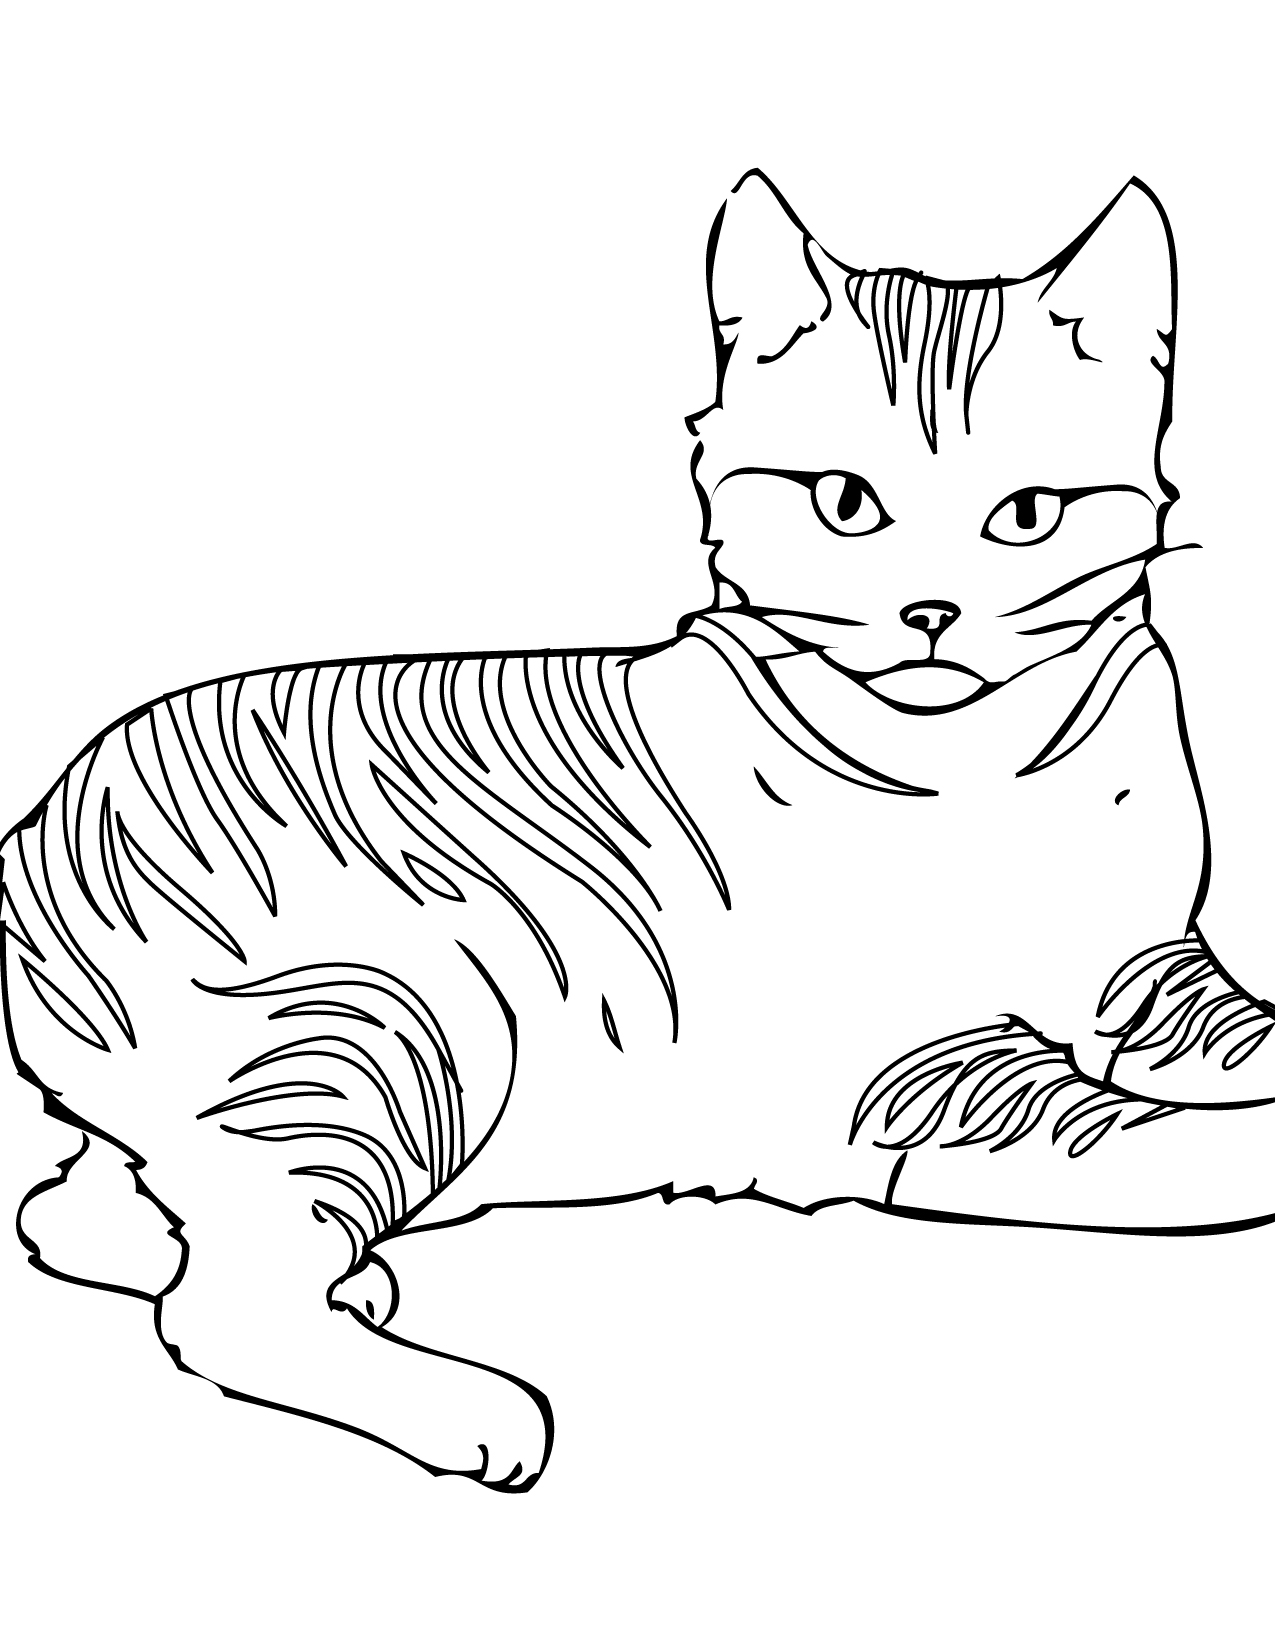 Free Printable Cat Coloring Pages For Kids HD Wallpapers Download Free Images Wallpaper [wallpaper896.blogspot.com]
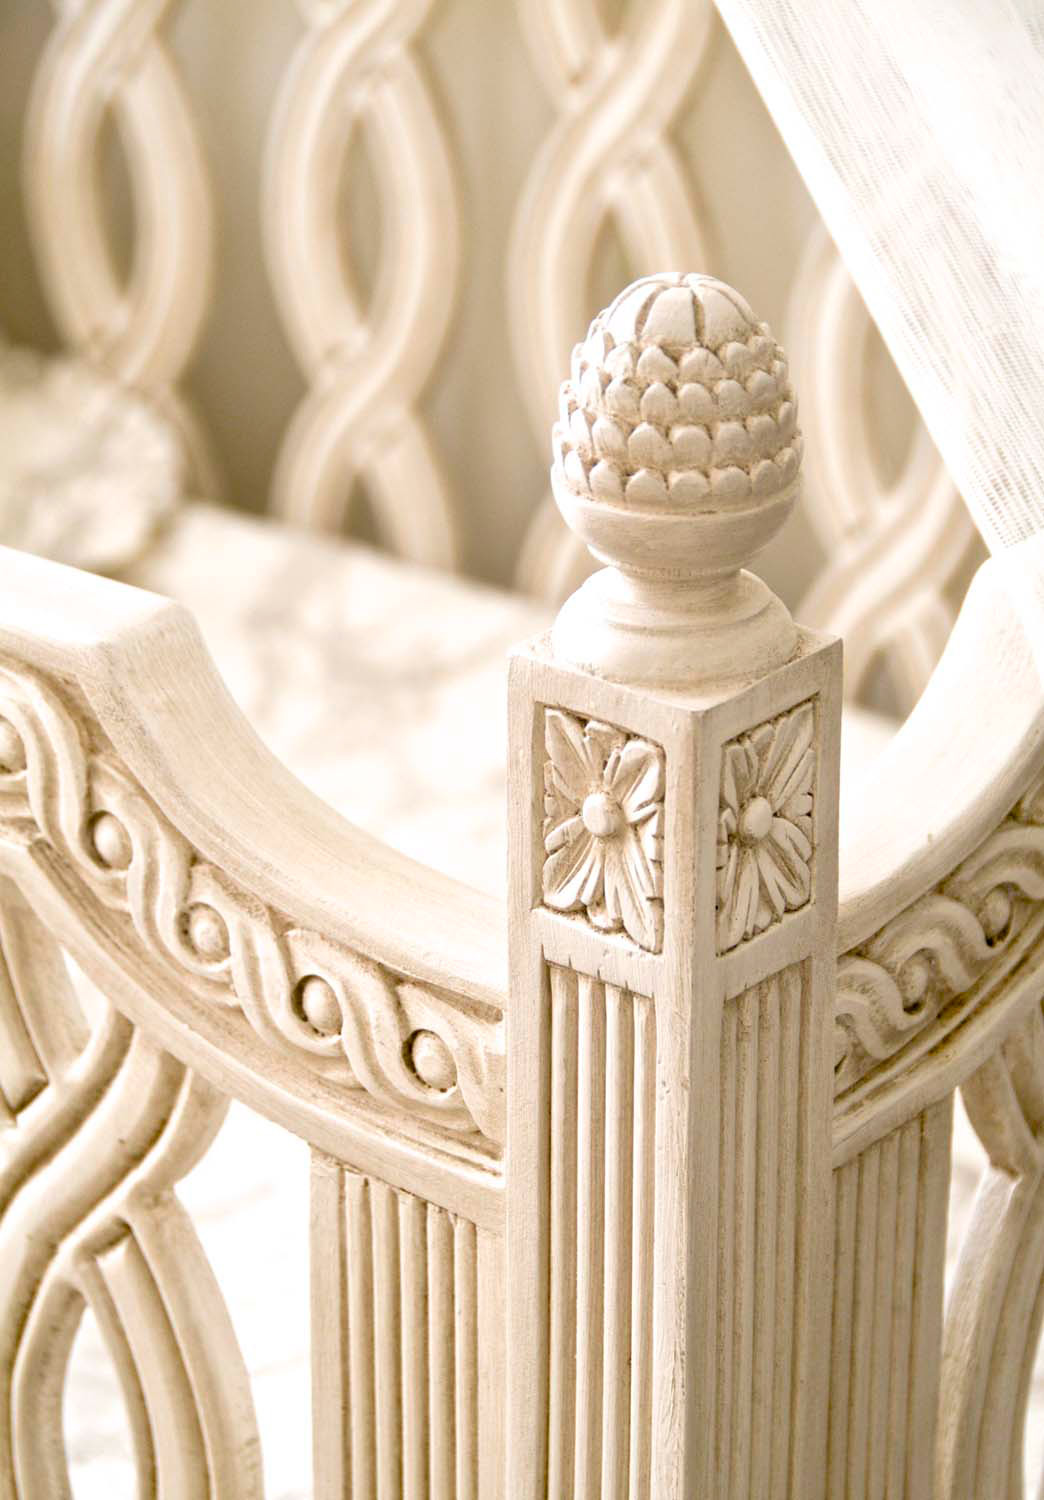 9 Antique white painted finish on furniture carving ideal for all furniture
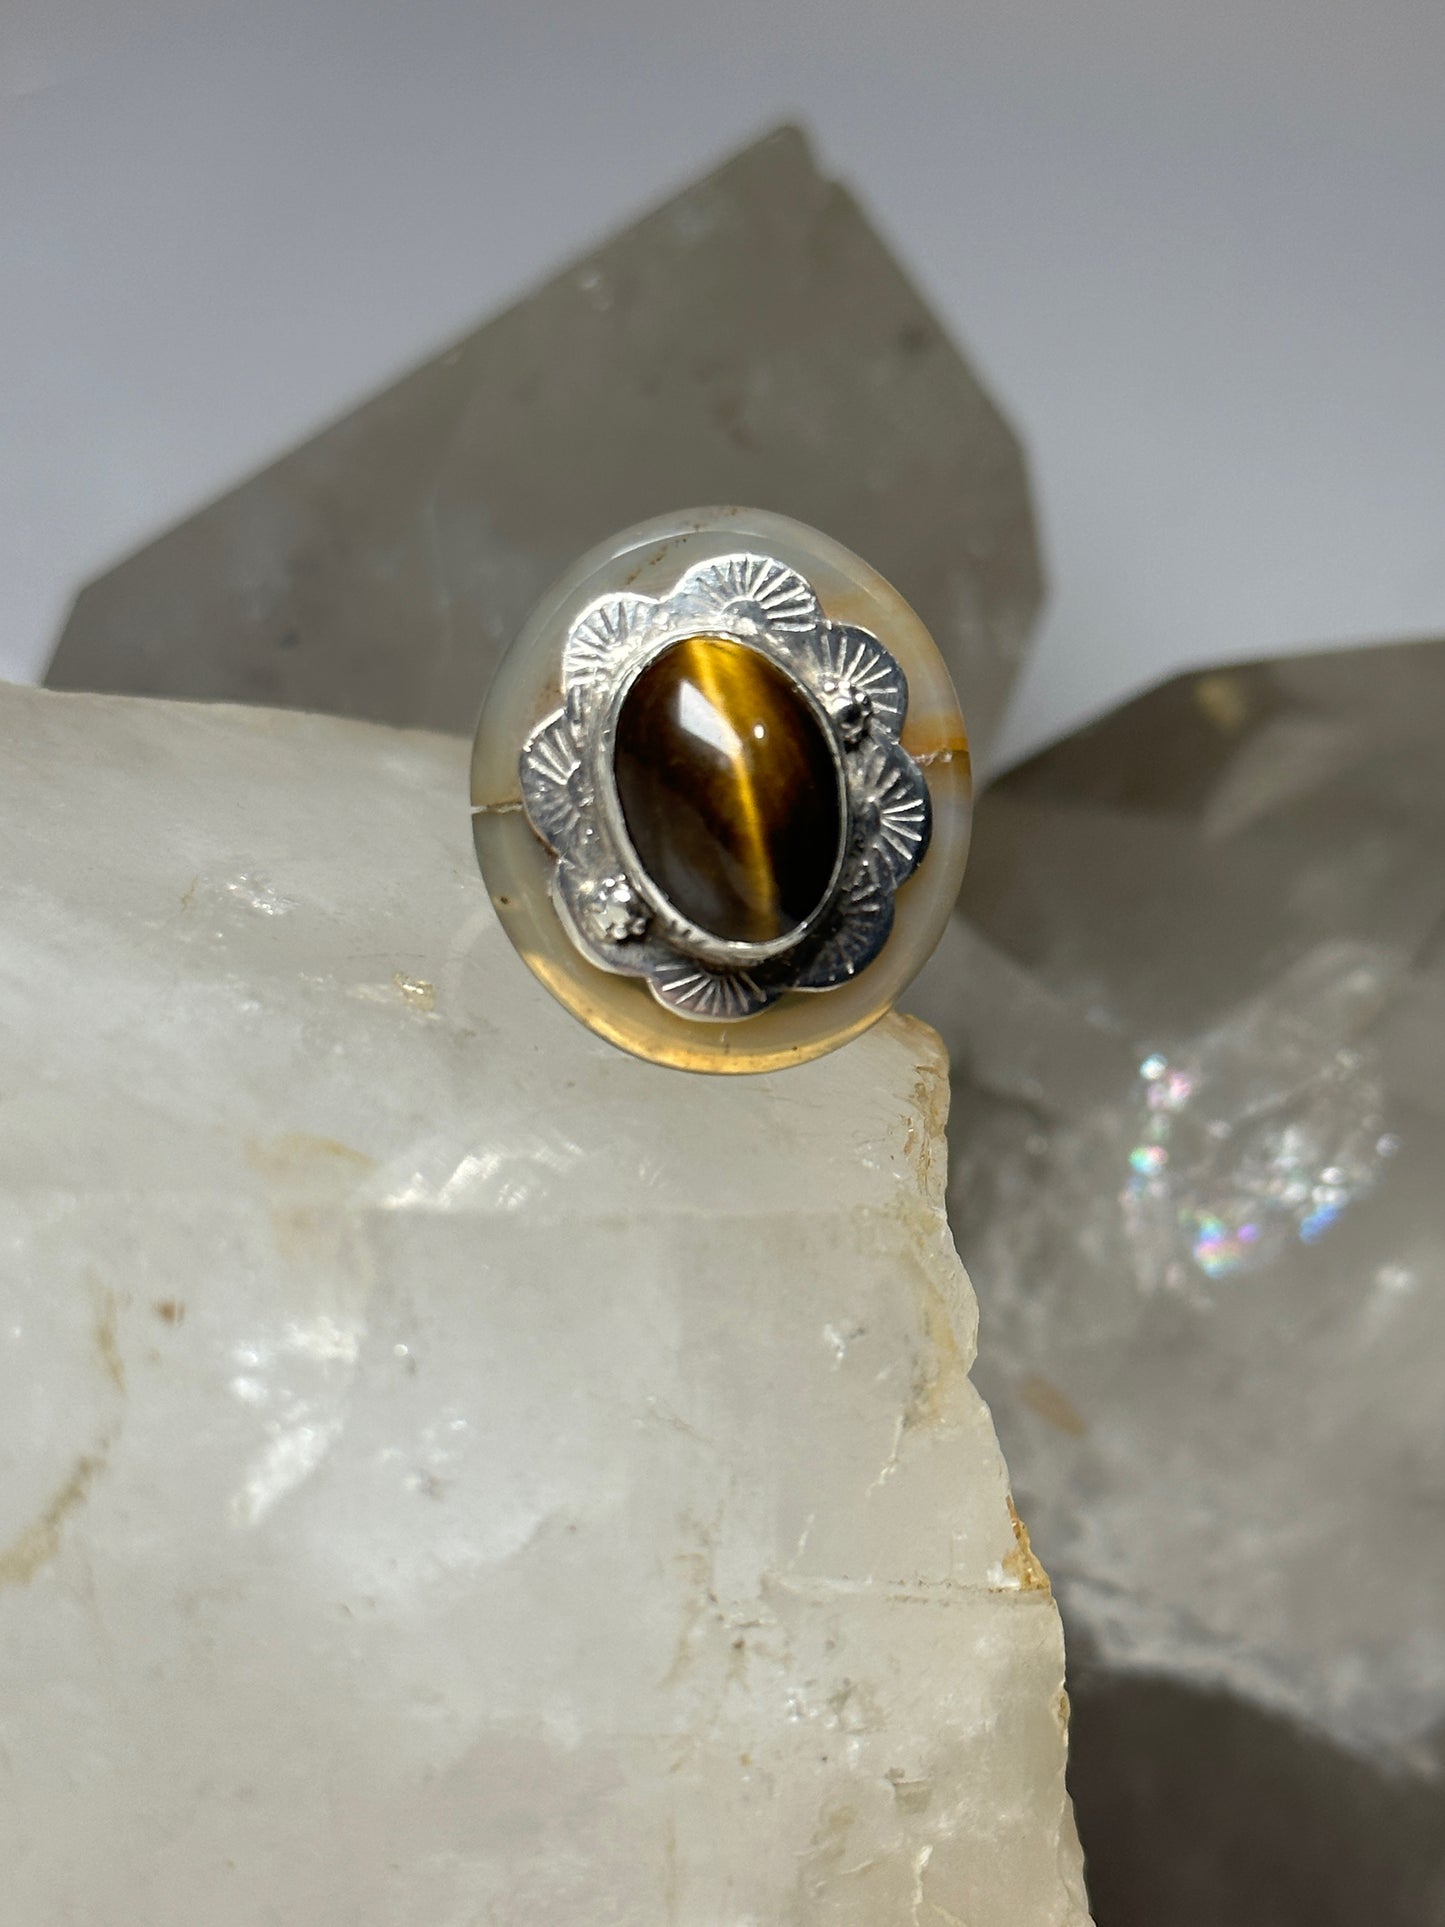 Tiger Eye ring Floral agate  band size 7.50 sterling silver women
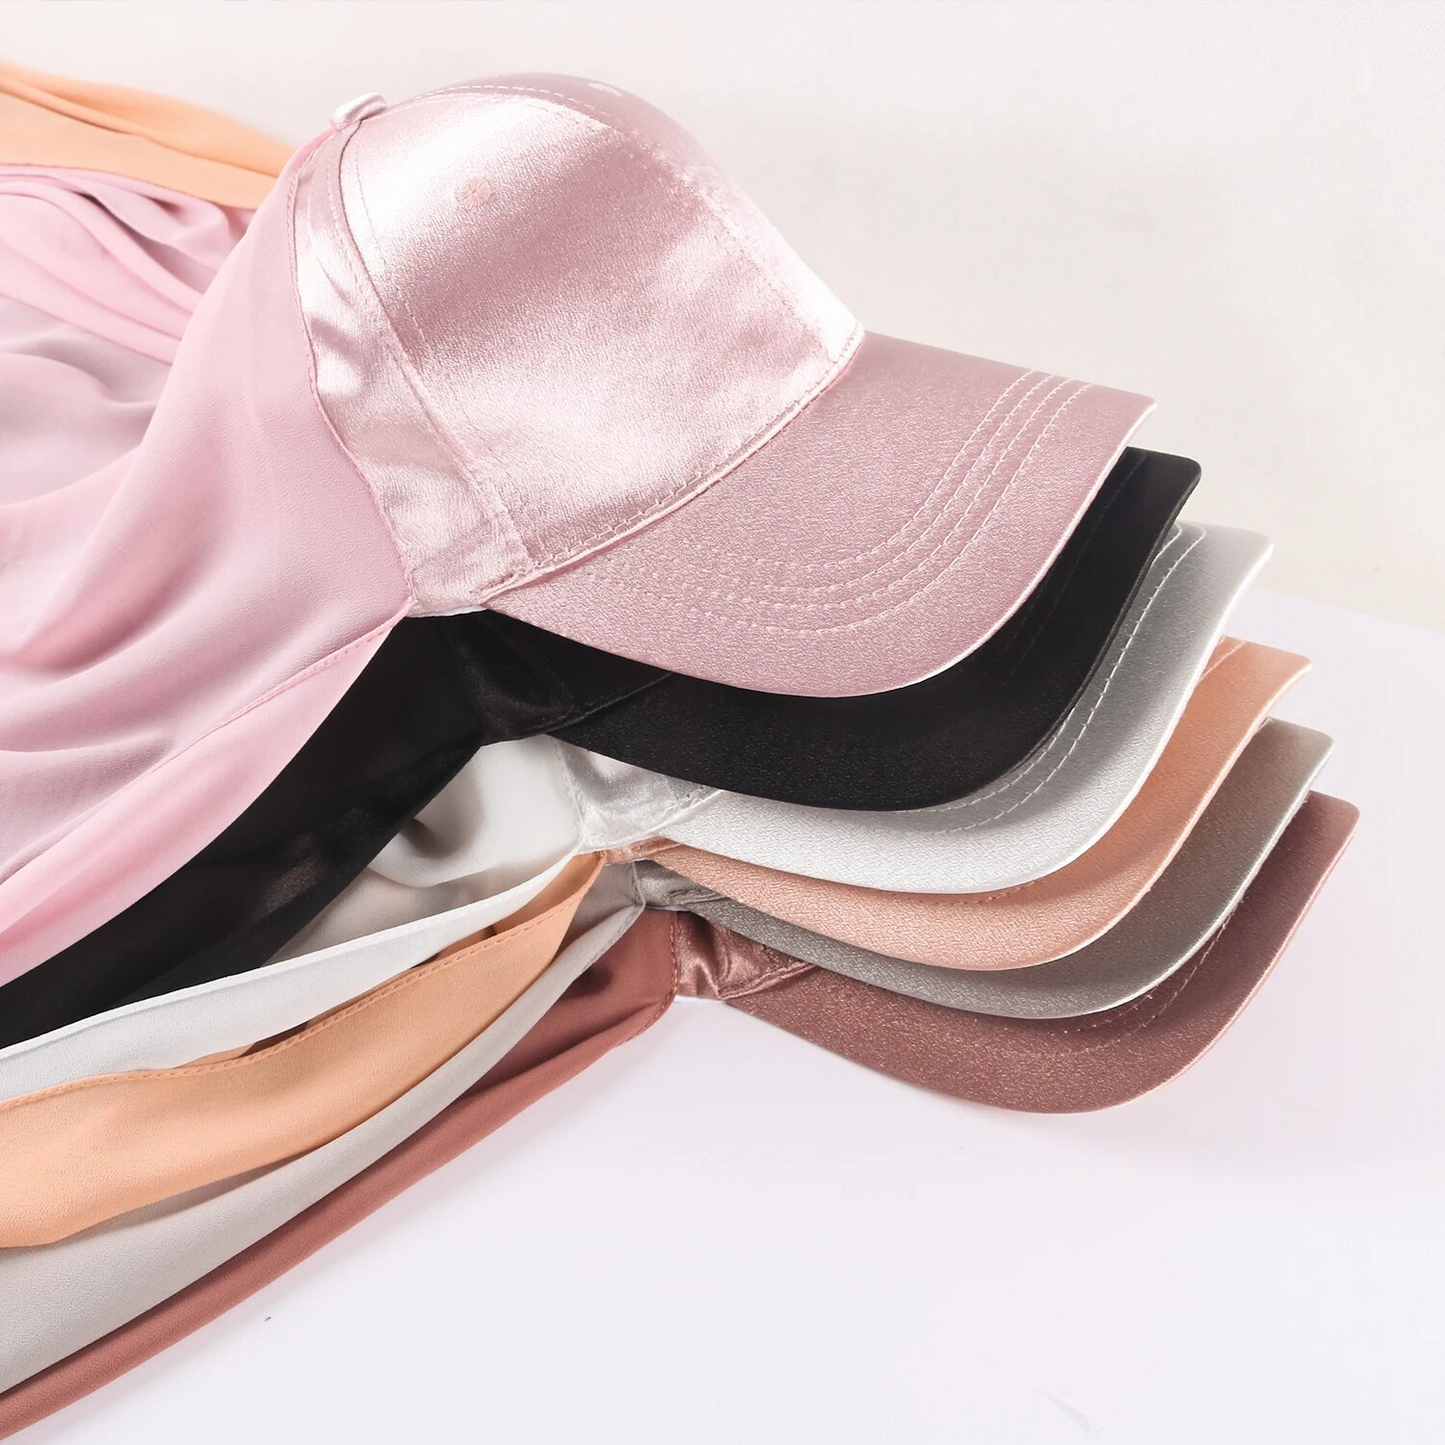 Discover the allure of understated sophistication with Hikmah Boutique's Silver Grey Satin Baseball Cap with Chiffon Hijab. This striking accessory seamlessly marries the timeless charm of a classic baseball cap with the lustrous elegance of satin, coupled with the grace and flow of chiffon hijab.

* **Assignment**: Write out the data word for word. Any picture is to be skipped.

* **Output of the exercise**:
 Free Printable Cat Coloring Pages For Kids HD Wallpapers Download Free Images Wallpaper [wallpaper896.blogspot.com]
 9 Antique white painted finish on furniture carving ideal for all furniture
 Tiger Eye ring Floral agate  band size 7.50 sterling silver women
 Discover the allure of understated sophistication with Hikmah Boutique's Silver Grey Satin Baseball Cap with Chiffon Hijab. This striking accessory seamlessly marries the timeless charm of a classic baseball cap with the lustrous elegance of satin, coupled with the grace and flow of chiffon hijab.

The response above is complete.